Control computation behavior via `alpha.set_ctx()`:

- **`groups`** — Number of securities in the data array. Each group is processed independently and in parallel. Required for cross-sectional operations like `RANK`.
- **`start`** — Starting index for calculation (default: 0).
- **`end`** — Ending index for calculation (default: `len(data)`). `end` can be used when you want to calculate only a part of the data. for example, when back test iteratively.
- **`flags`** — Bitwise flags:
  - `FLAG_SKIP_NAN` (1): Skip NaN values in rolling windows.
  - `FLAG_STRICTLY_CYCLE` (2): Return NaN until window is full (matches pandas `rolling()` default).
  - Combine with `|`: `flags=FLAG_SKIP_NAN | FLAG_STRICTLY_CYCLE`

  ```python
  import alpha
  import numpy as np

  data = np.array([1, 2, 3, 4, 5, 6, 7, 8, 9, 10], dtype=np.float64)

  # 3-period moving average (partial results during warm-up)
  result = alpha.MA(data, 3)
  # [1.  1.5 2.  3.  4.  5.  6.  7.  8.  9.]

  # Strict mode: NaN until window is full
  alpha.set_ctx(flags=alpha.FLAG_STRICTLY_CYCLE)
  result = alpha.MA(data, 3)
  # [nan nan 2.  3.  4.  5.  6.  7.  8.  9.]

  # Skip NaN values
  alpha.set_ctx(flags=alpha.FLAG_SKIP_NAN)
  data_nan = np.array([1, 2, np.nan, 4, 5, 6, 7, 8, 9, 10], dtype=np.float64)
  result = alpha.MA(data_nan, 3)
  # [1.  1.5 nan 3.  4.5 5.  6.  7.  8.  9.]
  ```


### Example 1: Plug and Play

```python
import alpha
from alpha.context import ExecContext

# ExecContext auto-infers groups from securityid/tradetime columns
# and calls alpha.set_ctx(groups=...) automatically
data = pl.read_csv("data.csv").sort(["securityid", "tradetime"])
ctx = ExecContext(data)

# Call operators directly on numpy arrays
close = data["close"].to_numpy()
ma20 = alpha.MA(close, 20)
rank = alpha.RANK(close)       # cross-sectional rank (groups auto-configured)
corr = alpha.CORR(close, data["vol"].to_numpy().astype(float), 10)
```

Data layout: flat 1D array `[stock1_day1, stock1_day2, ..., stockN_dayM]`, sorted by security then time.

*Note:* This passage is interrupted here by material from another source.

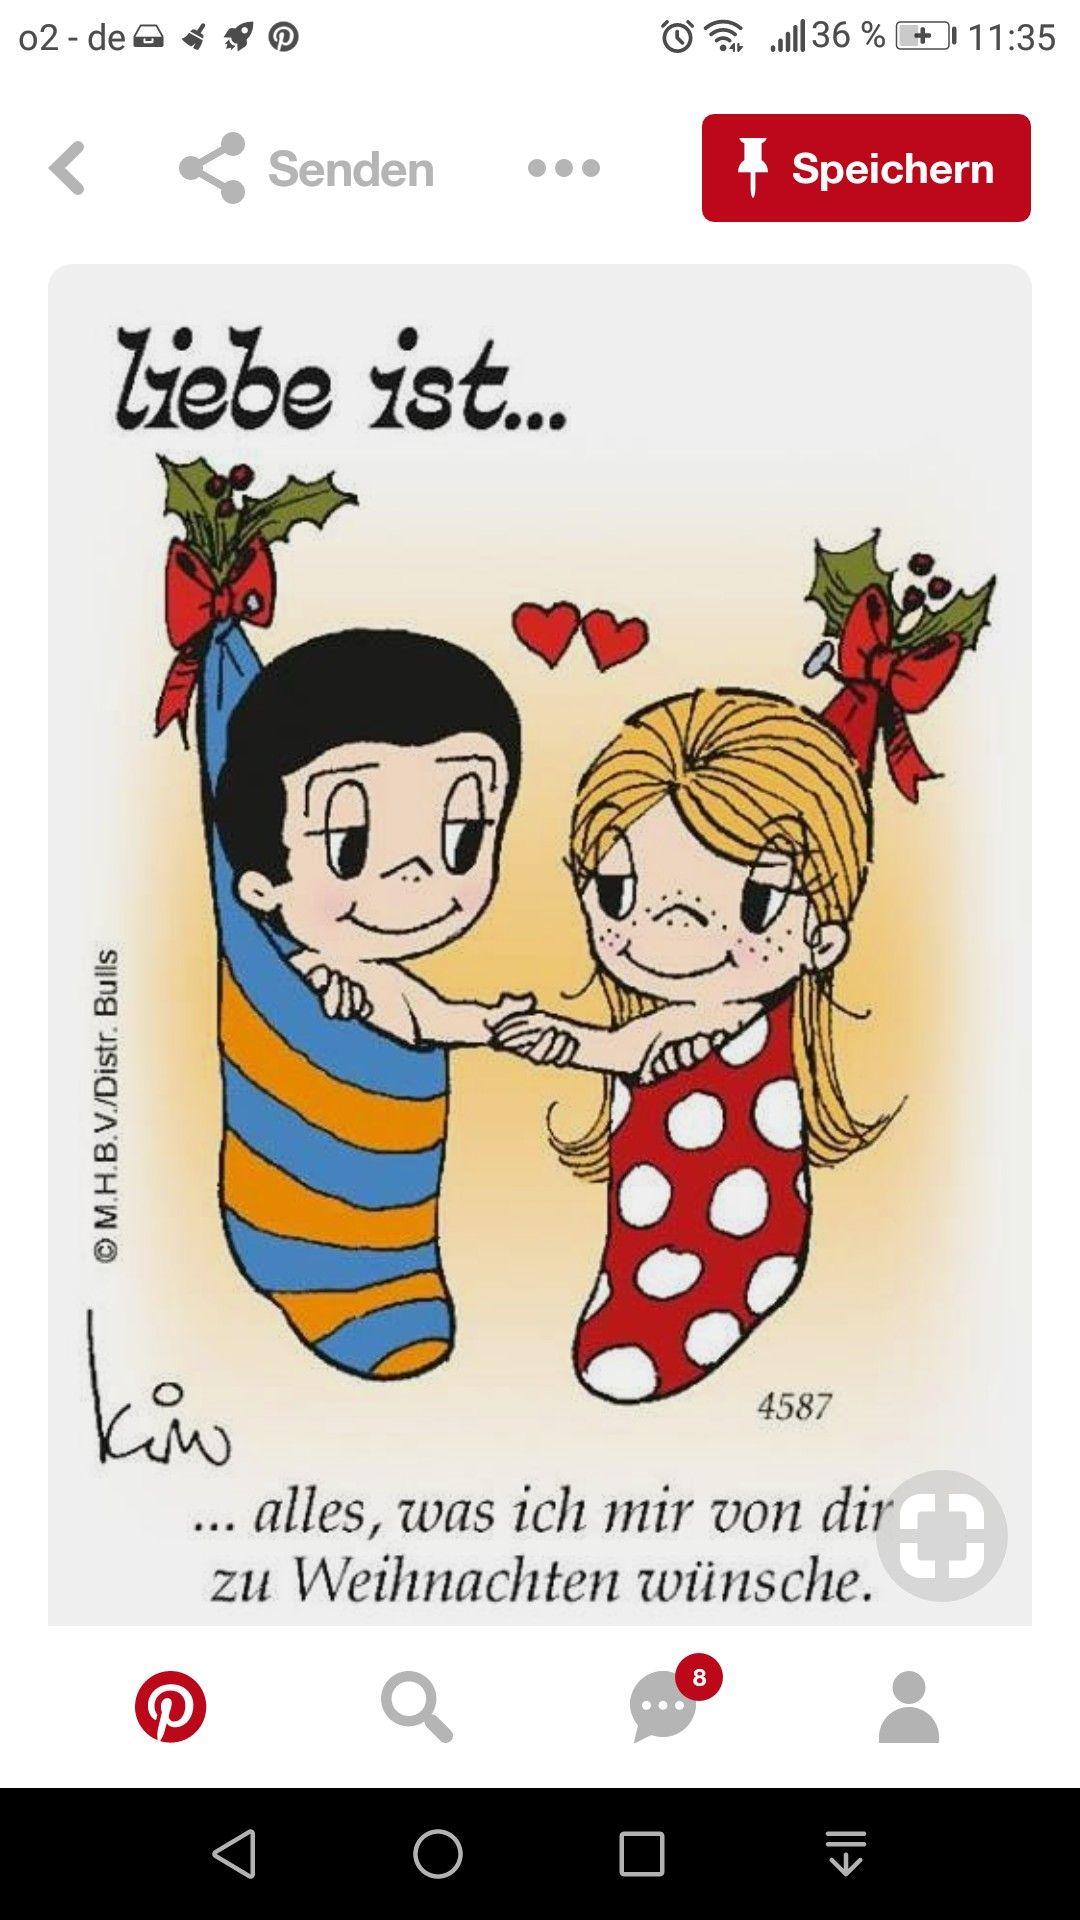 2 Weihnachten warst Du mein einziger Wunsch-unerfüllt | Liebe ist ...

The `groups` parameter tells the library where each stock's data begins.


### Example 2: Factor Expression Transpiler

Convert factor expressions to Python code, then run:

```bash
python -m alpha.lang examples/wq101/alpha101.txt
```

```python
# 3. Use generated code
from alpha.context import ExecContext
from factors import alpha_001

data = pl.read_csv("data.csv").sort(["securityid", "tradetime"])
ctx = ExecContext(data)  # auto-infers groups
result = alpha_001(ctx)
```

## Factor expression to Python code

You can convert factor expressions to Python code using the `lang` module. For example:

```bash
python -m alpha.lang examples/wq101/alpha101.txt
```

This will read the factor expressions from [`examples/wq101/alpha101.txt`](examples/wq101/alpha101.txt) and generate corresponding Python code using `alpha-lib` functions.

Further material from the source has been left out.